Столь же хитрая, сколь и прозорливая, вдова, убедившись в ошибочности своих расчетов, поняла, что следует прибегнуть к вероломству для того, чтобы заманить сына в кровавую западню… После продолжительного молчания она вновь заговорила с притворной горечью:
– Теперь мне понятен твой план: сам ты на нас доносить не хочешь, но ты собираешься добиться, чтобы это сделали дети.
– Я собираюсь?
– Они ведь знают теперь, что в сарае зарыт какой-то человек; знают они и то, что Николя только что совершил кражу… Если их отдать в обучение ремеслу, они там все разболтают, нас арестуют, мы все угодим в тюрьму… ты, кстати, тоже: вот что получится, коли я тебя послушаюсь и позволю тебе увезти отсюда детей… А ты еще утверждаешь, что не хочешь нам зла!.. Я не прошу тебя любить меня, но не торопи, по крайней мере, час нашей гибели.
Смягчившийся тон вдовы заставил Марсиаля поверить, что его угрозы оказали на нее благотворное влияние, – и он попал в расставленную ему ужасную западню.
– Я знаю детей, – продолжал он, – и я уверен, что, если не разрешу им ничего говорить, они никому ничего не скажут… К тому же, так или иначе, я все время буду с ними и отвечаю за то, что они будут молчать.
– Разве можно отвечать за детей, за их болтовню… особливо в Париже, где все так болтливы и любопытны!.. Я хочу, чтобы они оставались тут не только для того, чтобы помогать нам в делах, но и для того, чтобы они не могли нас продать.
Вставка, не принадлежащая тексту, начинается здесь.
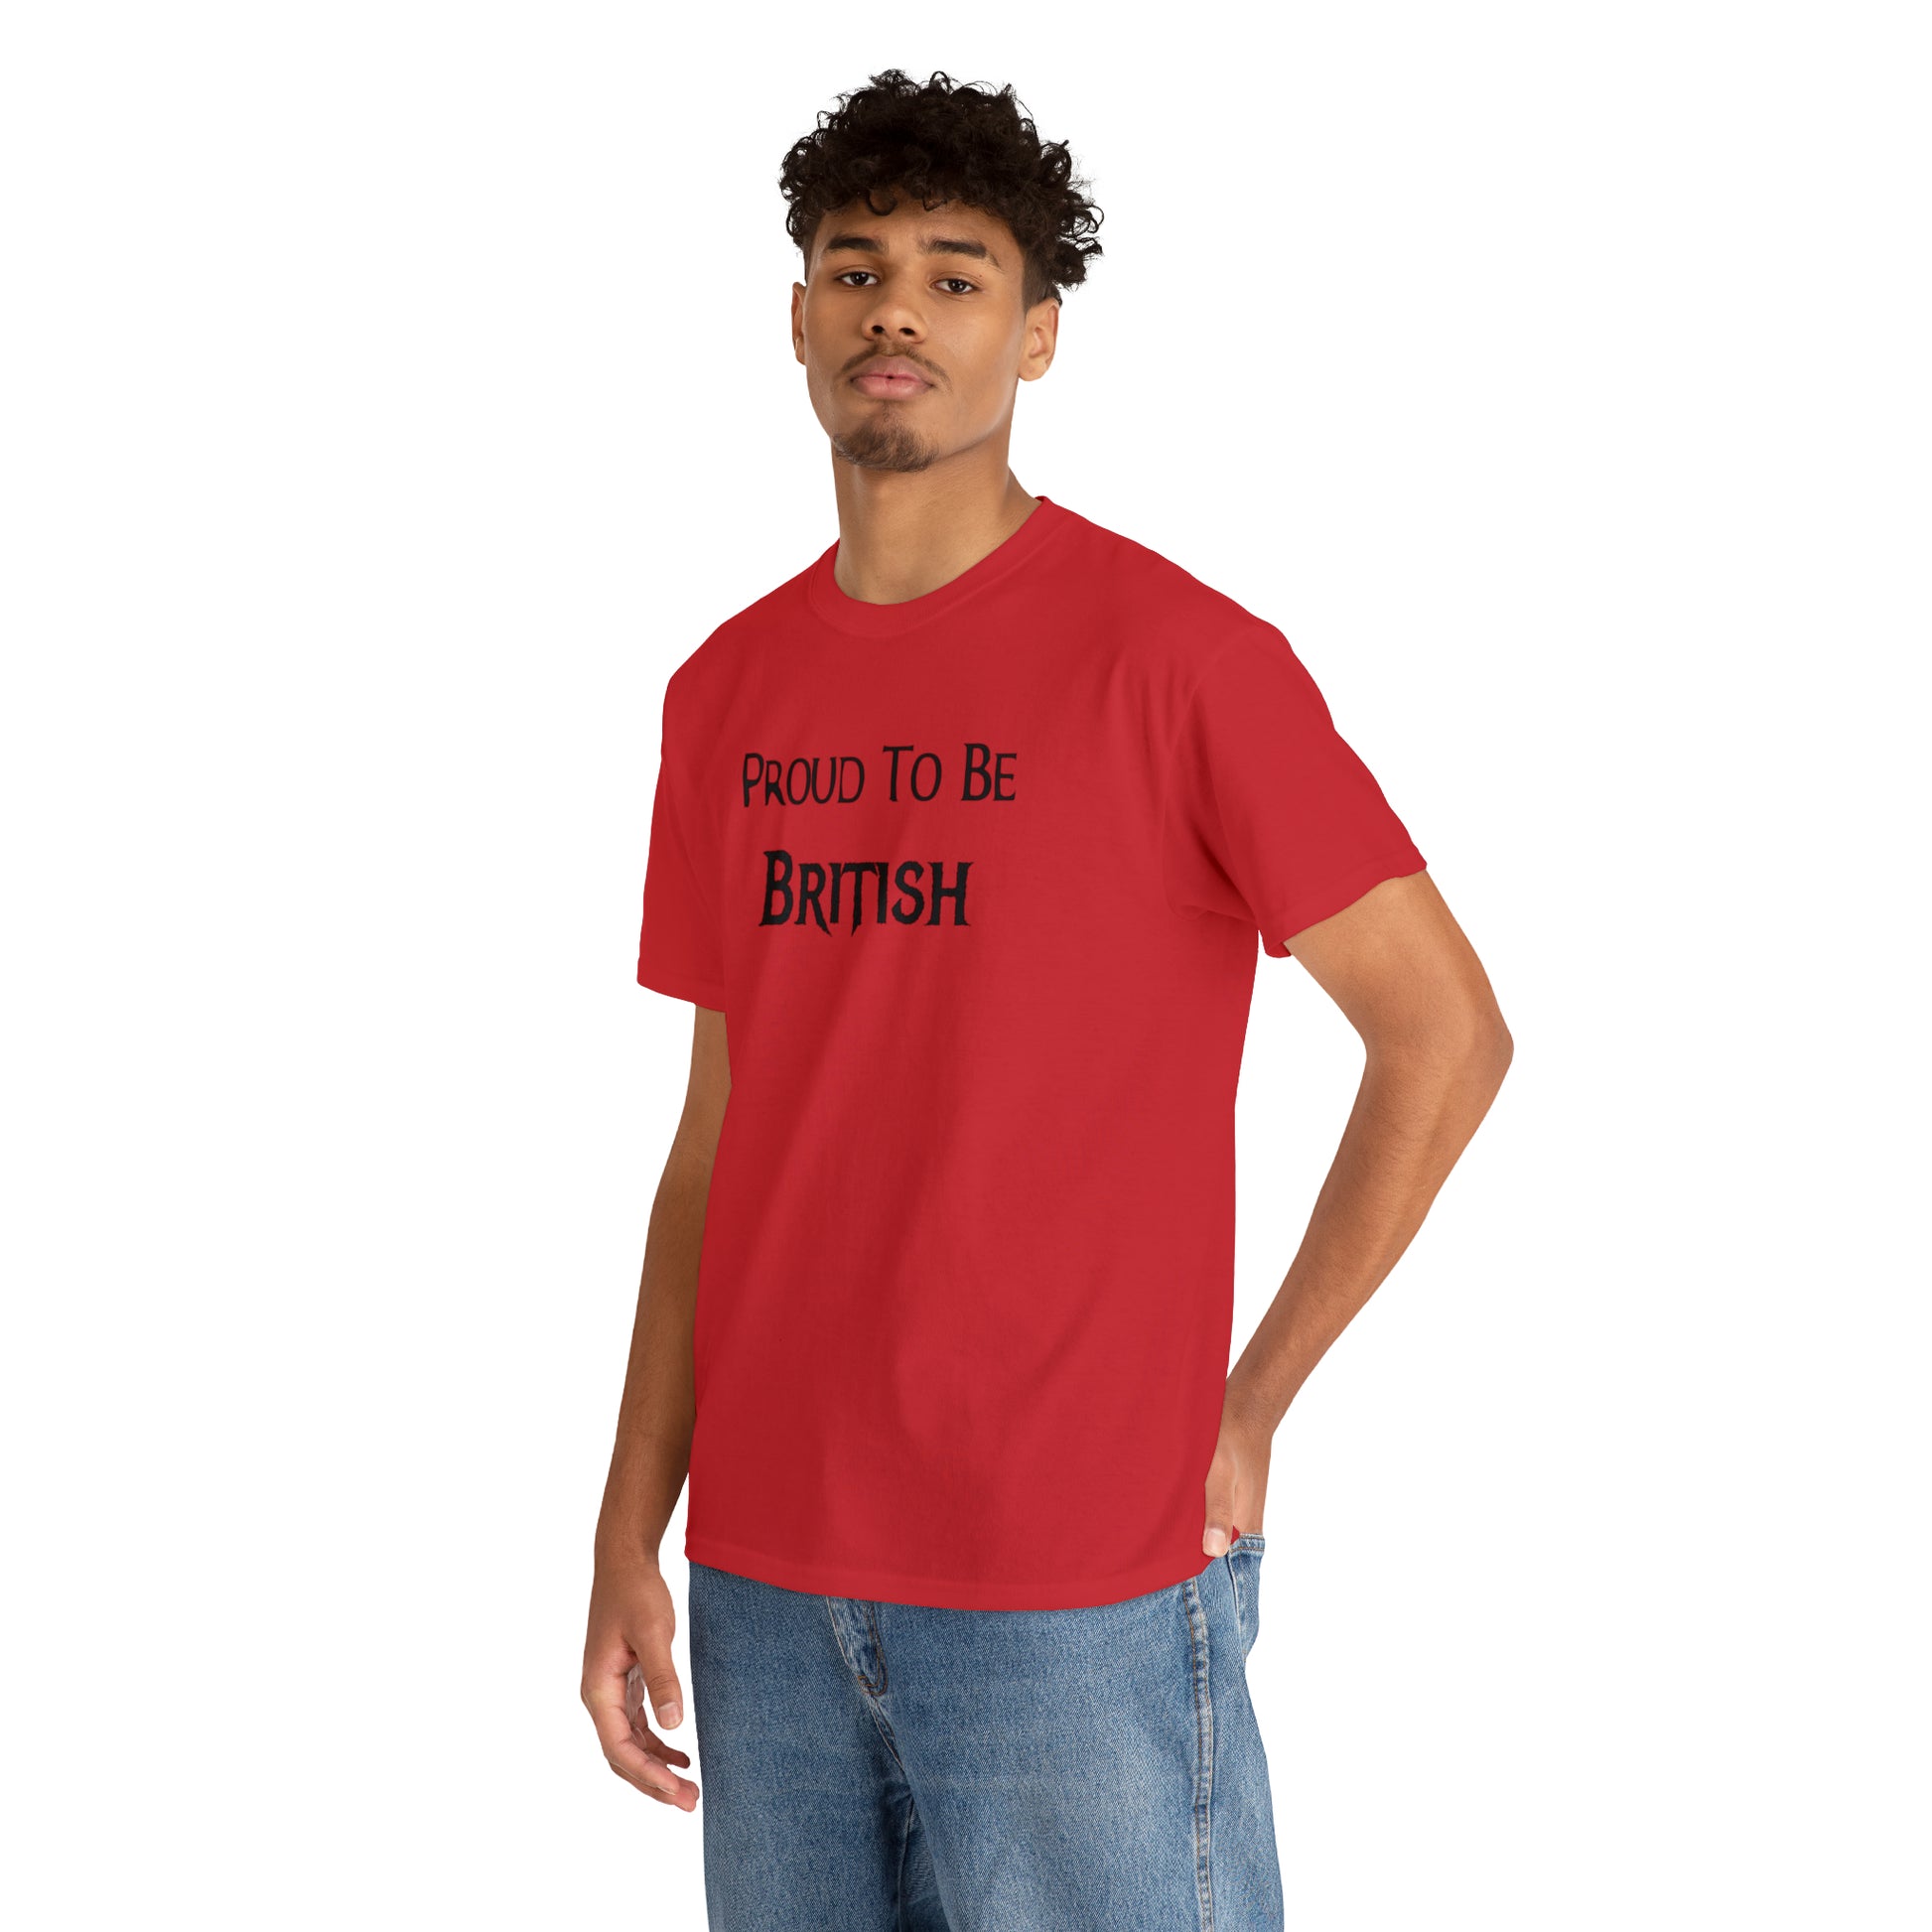 "Proud To Be British" T-Shirt - Weave Got Gifts - Unique Gifts You Won’t Find Anywhere Else!

– А разве они не ходят иногда в соседний городок или в Париж? Кто им помешает там разговориться… если им того захочется? Вот если бы они были далеко отсюда, пожалуйста, в добрый час! Все, о чем бы они ни рассказали, никакой опасностью грозить не будет…
– Далеко отсюда? А где именно? – спросила вдова, в упор глядя на сына.
– Вы только позвольте мне их увезти… а куда, вас не касается…
– А на что ты будешь жить, да и они тоже?
– Мой прежний хозяин, владелец слесарной мастерской, славный человек; я ему скажу все, что надо, и, может, он даст мне взаймы немного денег, ради детей; тогда я смогу отдать их в обучение куда-нибудь подальше отсюда. Мы уедем через два дня, и вы больше никогда о нас не услышите…
– Нет, все-таки… я хочу, чтобы они остались со мной, так я буду спокойнее за них.
– Ну, тогда я завтра же устраиваюсь в лачуге на берегу в ожидании лучшего… Я ведь тоже упрям, вы мой нрав знаете!..
– Да, хорошо знаю… Ох, как бы я хотела, чтобы ты оказался далеко отсюда! И чего ты только не остался у себя в лесу?
– Я вам предлагаю избавиться сразу и от меня, и от детей…
– Стало быть, ты оставишь тут Волчицу? А ты ее вроде так любишь?.. – внезапно сказала вдова.
– А вот это уж мое дело, я знаю, как поступить, у меня есть своя задумка…
– Если я позволю тебе увезти Амандину и Франсуа, обещаешь, что вашей ноги никогда в Париже не будет?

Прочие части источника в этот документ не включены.